1)Reggie Miller will be a Pacer next year................. TRUE

2)Reggie Miller will prove that he still has game and that it was his ankle preventing him from performing...................FALSE

3)Scot Pollard will be the center the Pacers need............half and half. WE STILL NEED BRAD! :no:

4)Isiah Thomas will become a decent coach next season.....................FALSE!!!!!!!

5)Larry Bird's hiring was a good thing..............FALSE!!!!!!!!!!!

6)Jon Barry will be a Pacer next year.............TRUE

7)Bender will be a regular in the rotation next year (moreso than last year)............TRUE

8)Al Harrington will make us forget he tore his ACL next season. He will be back to his 2001 self, only improved.......................TRUE

9)Jermaine O'Neal will be better than ever..........TRUE!!!!!!!!!!!!!!!
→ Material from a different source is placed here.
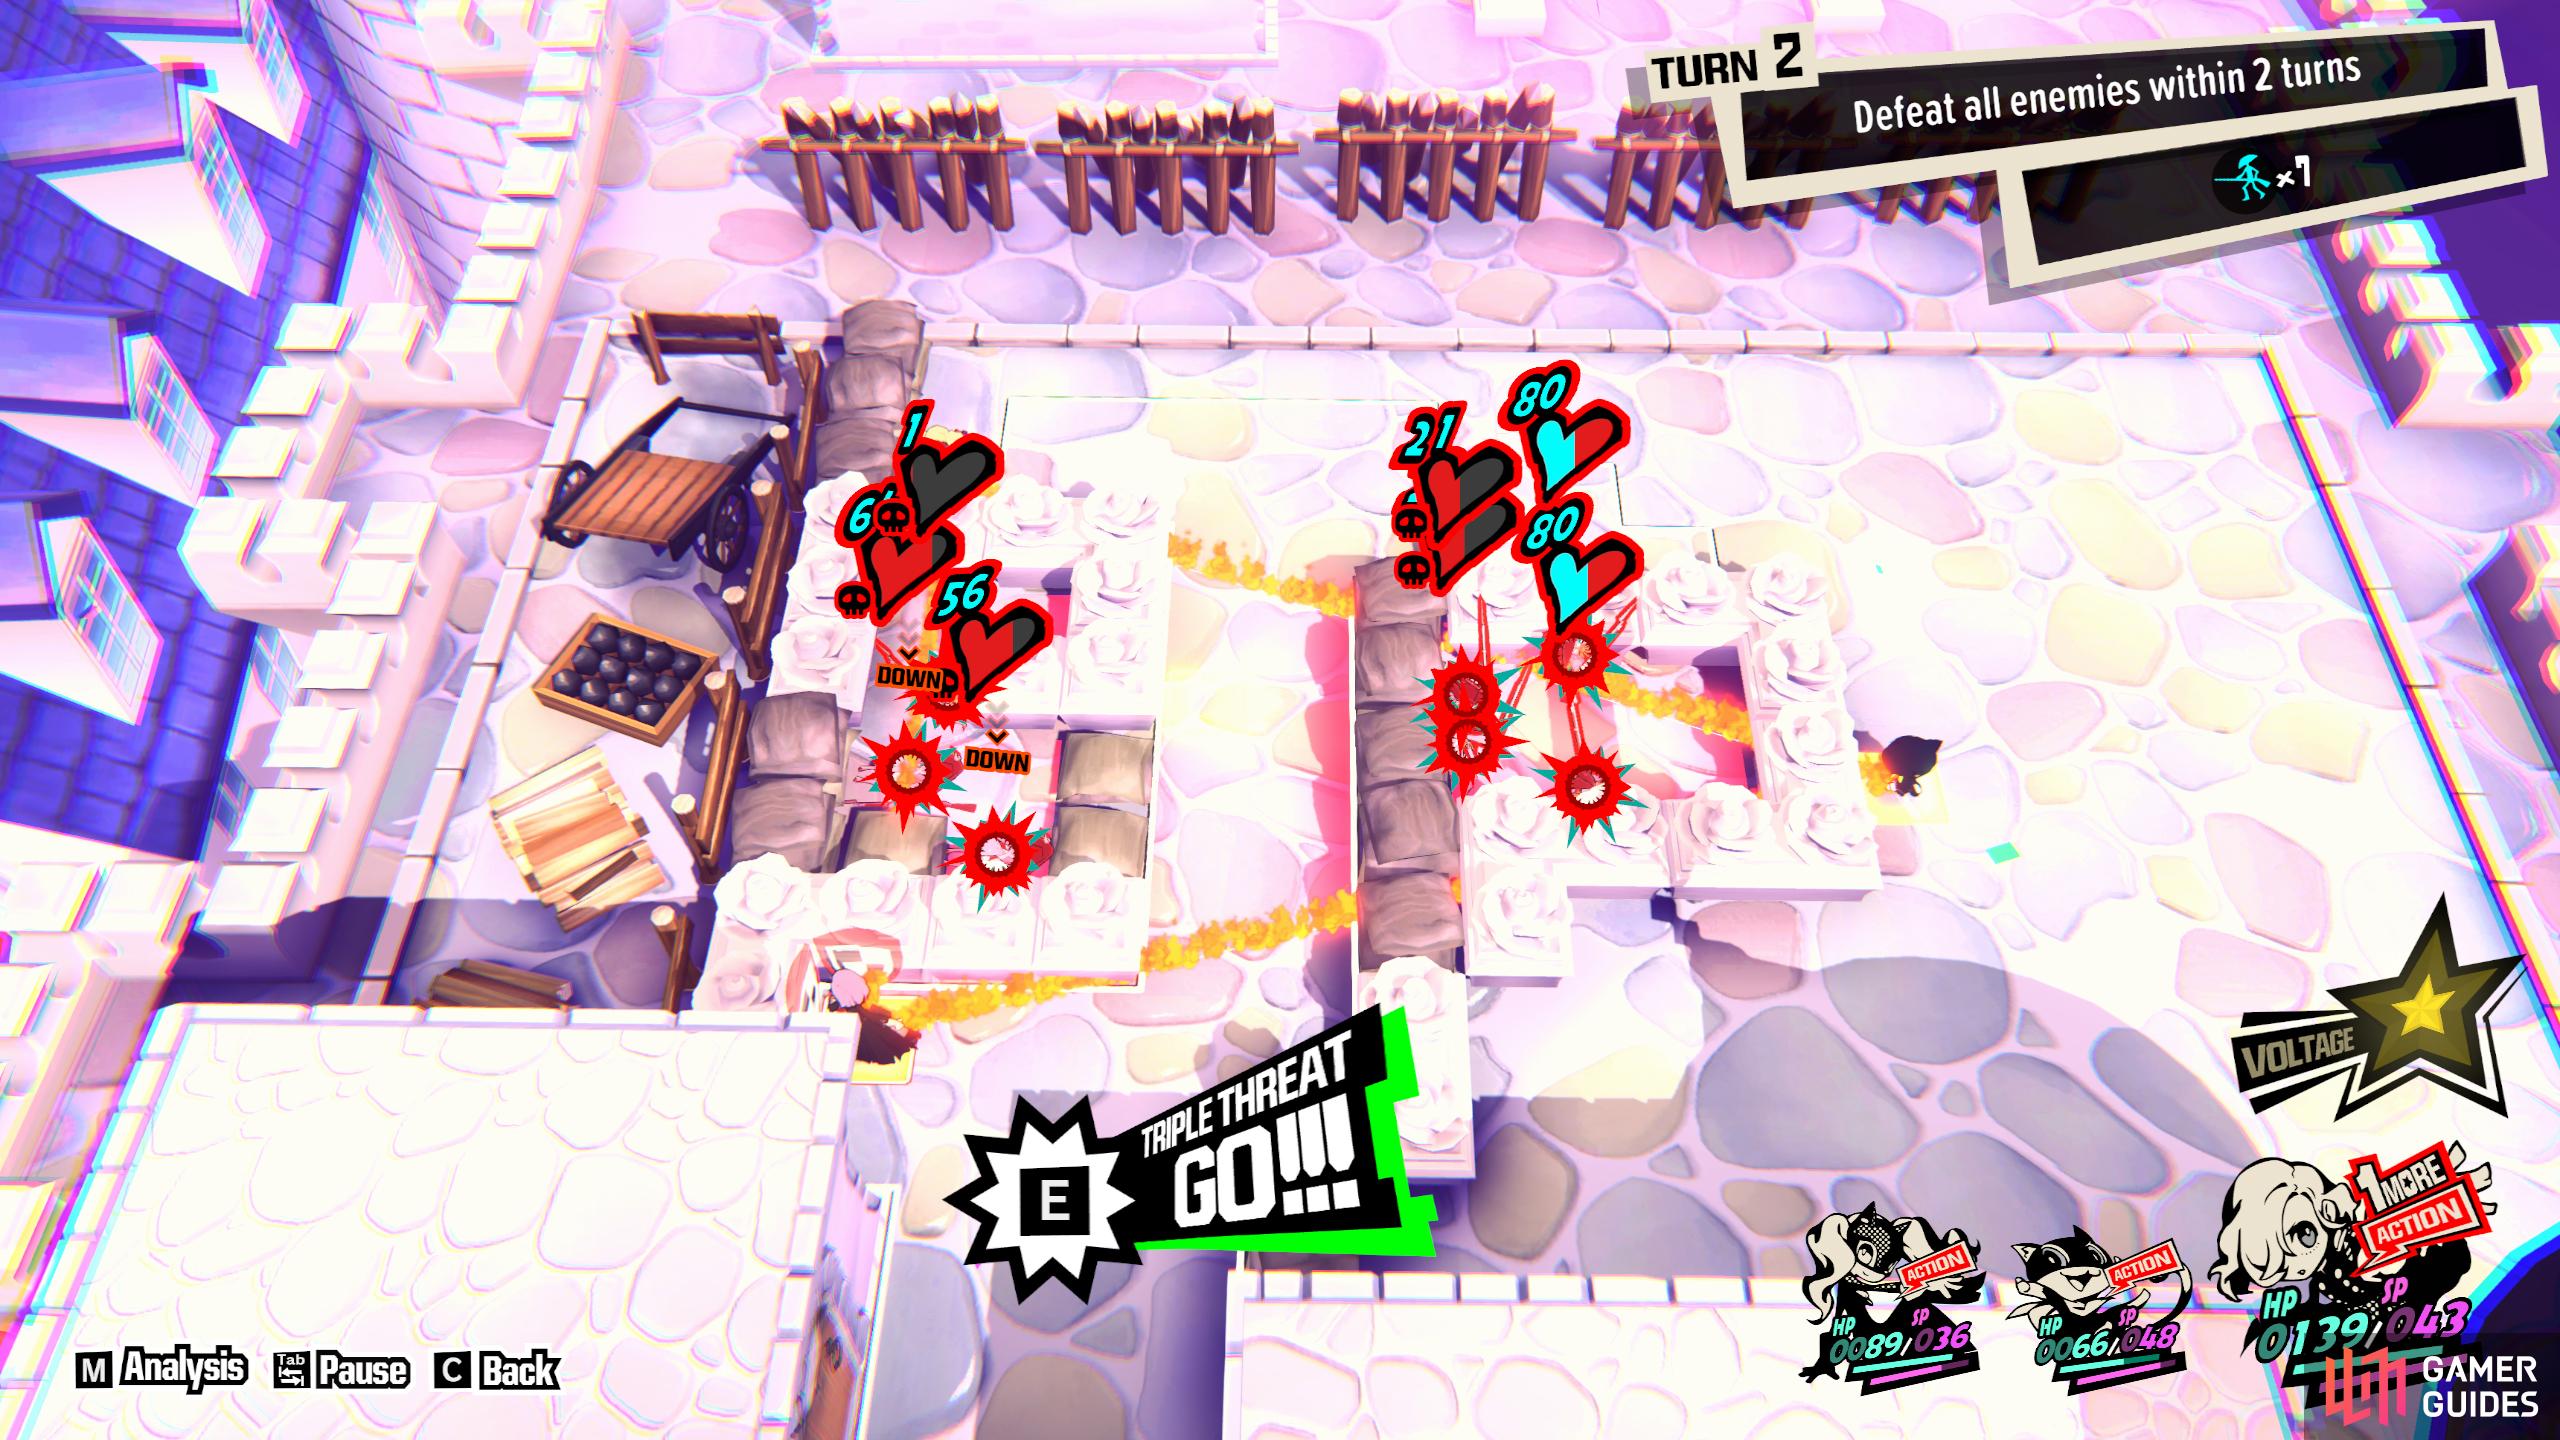 Now, create an All-Out-Attack by placing your squad in these positions. This will wipe out 90% of the enemies.

10)Jamaal Tinsley will begin to blossom in his third year.......TRUE

11)Jonathan Bender will eventually be a superstar.
.................True
12)Brad Miller will retain his All-Star status on the Kings.
TRUE
13)Scot Pollard will have another injury plagued season.
False
14)Jamaal Tinsley will improve his 3 pt % drastically in this upcoming season. 
False (Isiah Thomas clone)
15)Jermaine O'Neal will put up more incredible number then last year.
True


----------



## mbnewman (Jun 18, 2003)

The Pacers have the worst set of guards in the NBA. Until they address that situtation they'll be closer to missing the playoffs than they'll be to being a legitimate contender in the east. Also, losing Miller was a huge blow. Pollard is a nice player, but he's a bench player/role player -- expecting him to be more than that is wishful thinking that isn't going to come true. Other than O'Neal, the Pacers are a team which has a ton of questions: will Harrington develop into a star? Will Artest mature? If Artest does mature, will he have lost the edge that makes him an effective player? Will Bender ever develop? Will this team be able to acquire a guard without having to give up Harrington or Artest? 
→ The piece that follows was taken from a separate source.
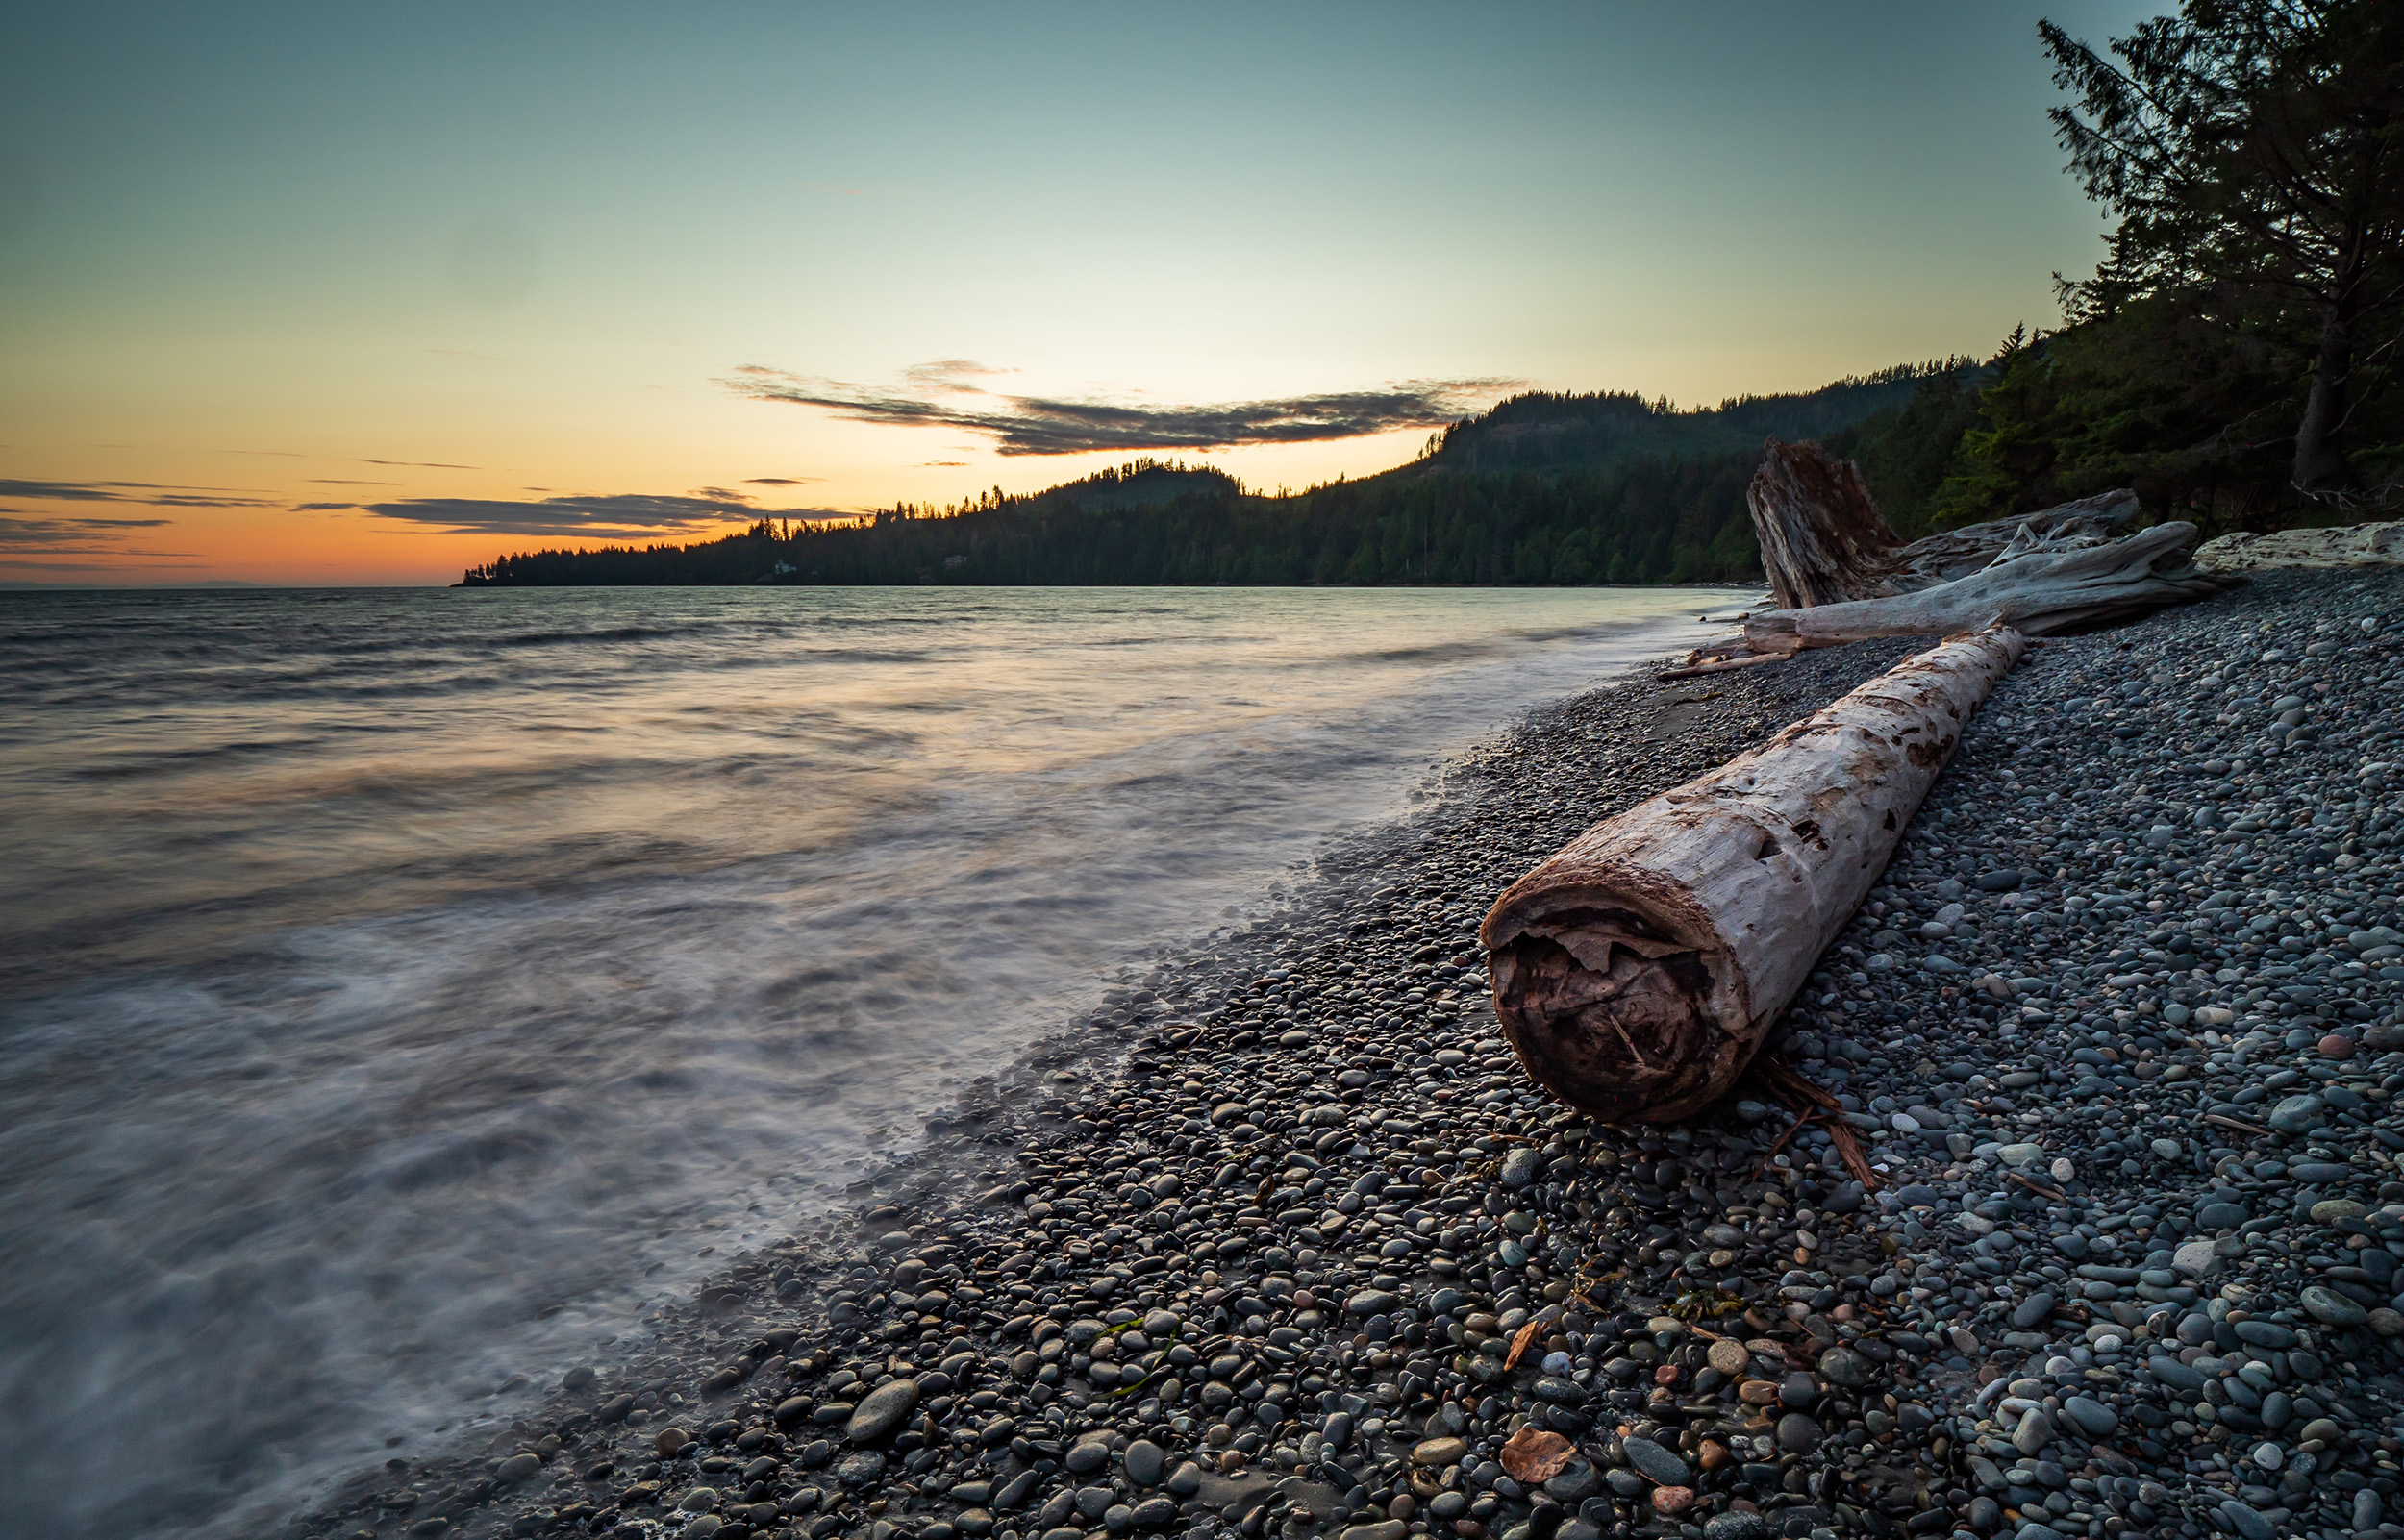 Fallen log lies on a rocky beach with a forest in the background

As I see it, the Pacers are strong at forward, and potentially great at the 3 and 4, ordinary to below average at center, and awful at the 1 and 2 positions. Not only that, but their cap position may make it impossible for this team to improve without gutting itself first.


----------



## Tactics (Mar 6, 2003)

k, more questions

16)We will win 50+ games next year.

17)We will make it past the first round of the playoffs for once.

18)We will make a huge move to acquire a veteran PG.

19)Jon Barry will be just as good for us as he was for the Pistons.

20)Artest should start at the shooting guard position.


----------



## Pacers Fan (Aug 25, 2002)

16)We will win 50+ games next year. TRUE 51

17)We will make it past the first round of the playoffs for once. TRUE CONFERENCE FINALS

18)We will make a huge move to acquire a veteran PG. FALSE. WE WILL TRY.

19)Jon Barry will be just as good for us as he was for the Pistons. TRUE

20)Artest should start at the shooting guard position. TRUE


----------



## Tactics (Mar 6, 2003)

remember people, feel free to make your own questions to add to the list.

16)We will win 50+ games next year.
True
17)We will make it past the first round of the playoffs for once.
True
18)We will make a huge move to acquire a veteran PG.
False
19)Jon Barry will be just as good for us as he was for the Pistons.
True
20)Artest should start at the shooting guard position.
True


----------



## Xavier8 (Jun 13, 2003)

16)We will win 50+ games next year. TRUE

17)We will make it past the first round of the playoffs for once. TRUE 

18)We will make a huge move to acquire a veteran PG. FALSE.

19)Jon Barry will be just as good for us as he was for the Pistons. FALSE

20)Artest should start at the shooting guard position. TRUE


----------



## TLR (May 28, 2003)

*True or False?*

The Nets suck... _*true*_ 

















































































:joke:


----------